In effetti in entrambe le realtà (astenendoci da giudizi di carattere politico) furono poste in essere importanti politiche di distribuzione del reddito (i programmi Fome zero o Bolsa Familia in Brasile, il processo di distribuzione sociale del reddito tra i settori popolari e produttivi in Venezuela con l’acquisizione del controllo da parte di Chávez della principale fonte di reddito del paese, la compagnia petrolifera PDVSA). Mentre in Brasile quelle politiche determinarono un aumento dei consumi capace di generare un circuito virtuoso di rilancio della produzione grazie ad una industria nazionale vivace, producendo gli straordinari risultati che tutti conosciamo con oltre 40 milioni di brasiliani usciti dalla soglia della povertà, in Venezuela quelle politiche, in assenza di qualunque collegamento con riforme strutturali dell’economia, diventarono nel tempo una concausa del disastro economico e sociale del paese, insieme crollo del prezzo del petrolio nei mercati internazionali. Ma questa lettura che gli analisti economici hanno fornito non spiega fino in fondo il “miracolo” brasiliano e la tragedia venezuelana se non si riflette sul ruolo che in queste due realtà hanno avuto i sistemi di relazioni industriali, il dialogo sociale e l’azione dei sindacati.

Uno studio portato in evidenza nell’ultimo Congresso della Afl-Cio, il sindacato nordamericano, e assunto tra l’altro dalla Commissione “Norme” della Conferenza internazionale dell’Organizzazione Internazionale del lavoro del 2019 (a sostegno della denuncia nei confronti del governo Bolsonaro di smantellamento delle politiche sociali e del lavoro realizzate dai governi precedenti) dimostra come i risultati delle politiche di distribuzione del reddito di Lula e Djlma Rousseff non sarebbero stati tali se non ci fosse stato nello stesso periodo un aumento del 90% della contrattazione collettiva. Un aumento straordinario se si tiene tra l’altro in conto che la Cut, la principale confederazione sindacale brasiliana, aveva affermato e difeso sin dall’insediamento di Lula alla Presidenza una prassi di forte “autonomia” sindacale nei confronti del Governo e del Partito dos Trabalhadores, forza politica che proprio la centrale operaia aveva direttamente generato. Scenario completamente diverso in Venezuela, dove Chávez aveva sostanzialmente smantellato le organizzazioni dei lavoratori, a cominciare dal referendum del 2000 (in aperta violazione delle Convenzioni Ilo sottoscritte dallo stesso governo venezuelano) per poi essere abbandonato anche dalle formazioni sindacali “bolivariane” che lui stesso aveva fatto nascere, di fronte al continuo disconoscimento di ogni forma di contrattazione collettiva nel paese. Tutte le forze sindacali del Venezuela si sono ritrovate poi in una nuova aggregazione nazionale per tentare di affrontare la definitiva deriva antisindacale del Presidente Maduro. L’osservazione di questi due casi conferma e rafforza la tesi più volte sottolineata dagli studi dell’Ocse, che rileva quanto uno sviluppo “equo” si riscontri con evidenza più nei paesi dove esiste un corretto sistema di relazioni industriali rispetto ai paesi dove sono invece latenti forme di dialogo sociale o contrattazione collettiva.

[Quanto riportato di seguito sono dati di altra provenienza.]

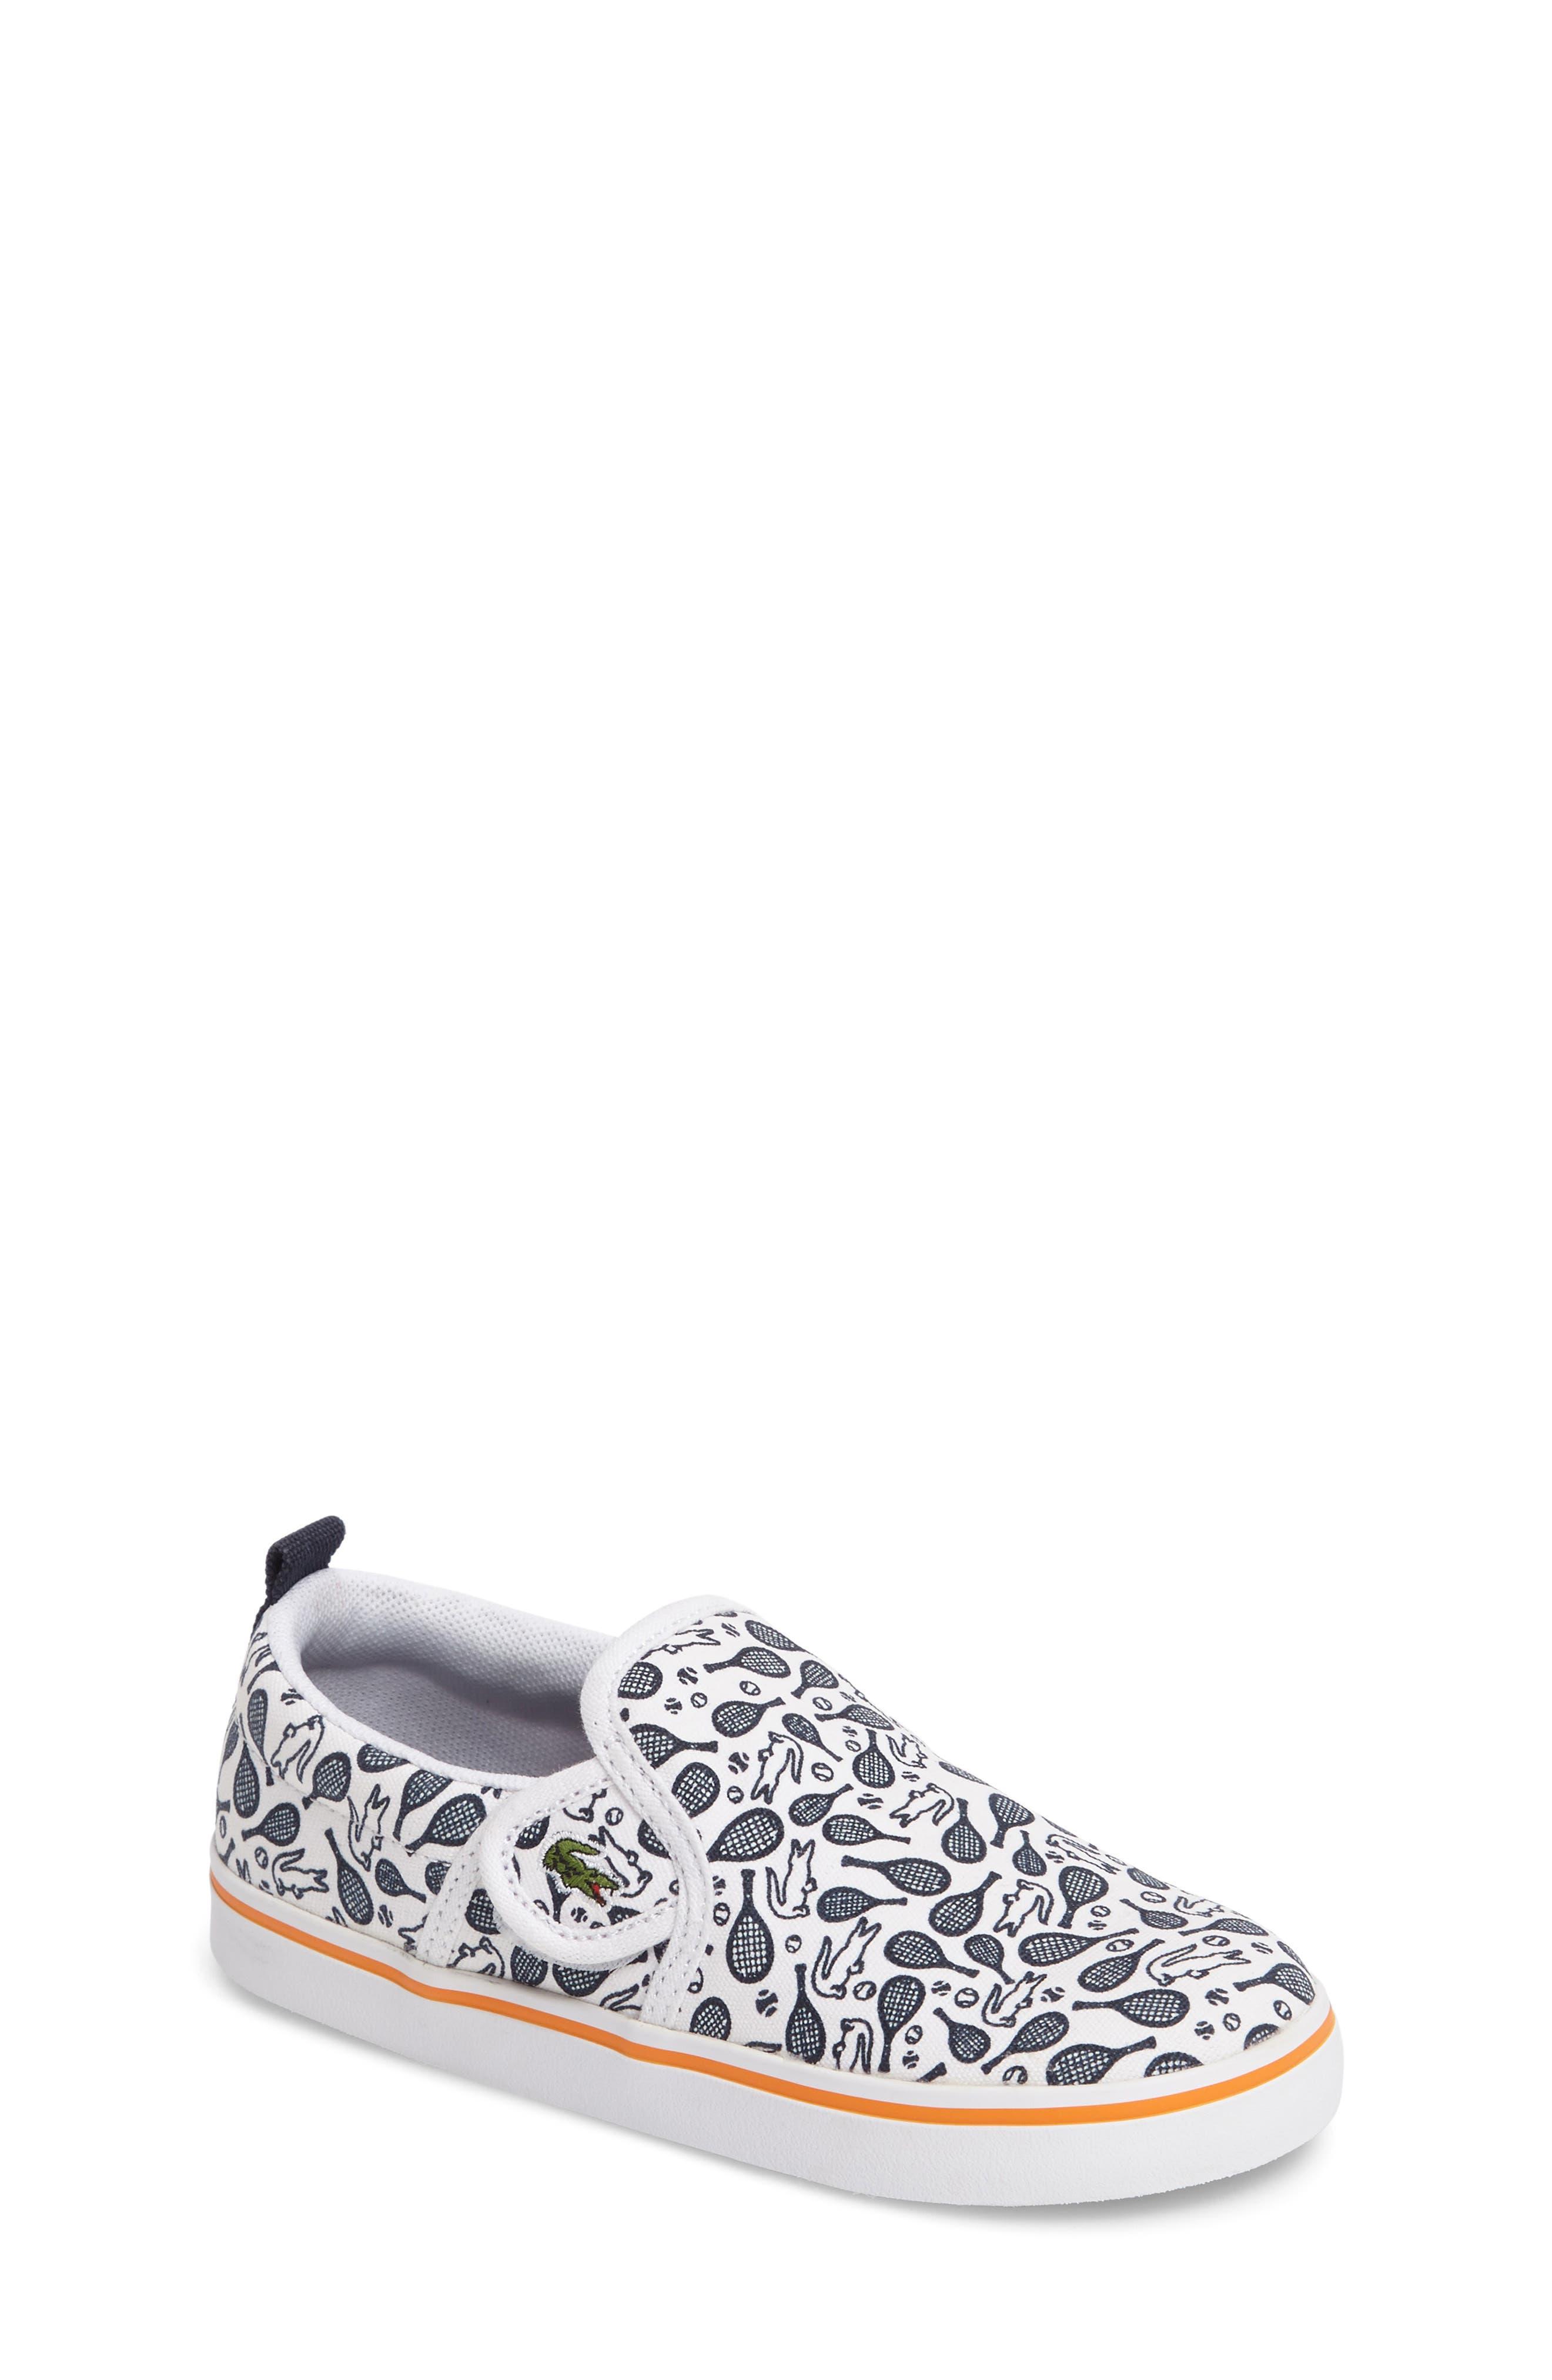 Lacoste Gazon Slip-On Sneaker (Baby, Walker & Toddler)

Prima di trarre qualche considerazione conclusiva sull’importanza del ruolo degli attori sociali anche nella prospettiva di una svolta dell’attuale crisi in America latina, ancora una breve osservazione generale che tenta di coniugare la lettura delle tendenze macroeconomiche con l’analisi delle dinamiche sociali complessive rilevate nel subcontinente. Sostanzialmente si potrebbe dire che, dopo i bui decenni delle dittature militari, dopo la famosa década perdida nella quale ci si misurò con improbabili misure di aggiustamento strutturale delle economie dettate dal Fondo Monetario Internazionale (indimenticabile il giudizio del Fmi sull’Argentina País Estrella per la perfetta applicazione delle manovre da parte del ministro per l’economia Domingo Cavallo, interprete pasticcione della scuola di Chicago di Milton Friedman, pochi mesi prima del default del 2001), si osservò di fatto un periodo di generale, straordinario sviluppo economico con un conseguente arricchimento in molte realtà del subcontinente, con picchi di grande interesse (Cile, Colombia, Brasile) che plasmarono la formazione di una nuova “classe media”. Come confermano gli studi di sociologia di massa, una “classe media” non tarda ad organizzarsi e a esprimere una sempre maggiore domanda in termini di sicurezza sociale, servizi, istruzione, trasporti… Ed è quello a cui abbiamo assistito negli ultimi anni in tutta l’America Latina, indipendentemente dal “colore” politico dei governi dei diversi paesi. La richiesta generale, sollevata da aggregazioni sociali nuove, spontanee, soprattutto fuori dal controllo di ogni tradizionale, consolidato corpo intermedio, non ha fatto sconti a nessuno. L’inizio può essere fatto risalire  alle manifestazioni in Brasile contro Djlma Rousseff, durante il Mundialito di calcio (con una esposizione mediatica eccezionale, scelta vincente di moderne tecniche di moltiplicazione di consensi che poi hanno fatto scuola). Manifestazioni analoghe si rivolgono oggi contro lo stesso Bolsonaro, pure scelto dall’elettorato sull’onda di una propaganda populista come antidoto al “lulismo” repentinamente abbandonato. E così in Bolivia contro Evo Morales, in Venezuela contro Maduro, in Colombia contro Duque, in Ecuador contro Moreno, in Nicaragua contro Ortega, in Cile contro Pinera…

Una possibile risposta alla forte domanda di cambiamento non potrà che basarsi su una nuova capacità di governo delle complesse economie delle democrazie moderne, dove occorrerà sempre di più coinvolgere nelle decisioni fondamentali anche i “corpi intermedi”, tutte quelle aggregazioni che nella società rappresentano interessi collettivi e nuovi bisogni individuali. I sindacati, attenti e più o meno forti in America Latina, si stanno distinguendo nell’interpretazione di un nuovo ruolo a partire dagli obiettivi generali assunti a livello internazionale dopo il centenario dell’Organizzazione Internazionale del Lavoro celebrato nel 2019: sarà interessante osservare il loro impegno, accanto al tradizionale core business di intermediazione per definire la contrattazione collettiva e le tutele del lavoro, verso l’obiettivo di uno “sviluppo sostenibile” nel quadro generale del cambiamento climatico. La ricostruzione democratica di società più coese ed inclusive, dopo questa stagione imponente di sommovimenti, sarà con molta probabilità possibile laddove le forze politiche progressiste sapranno elaborare un’analisi comune delle dinamiche in corso insieme agli attori sociali tradizionali e insieme ai nuovi soggetti collettivi emergenti, per offrire alla domanda generale di cambiamento espressa dai movimenti di protesta una nuova e più accattivante proposta “riformista” per tutta la società in America Latina.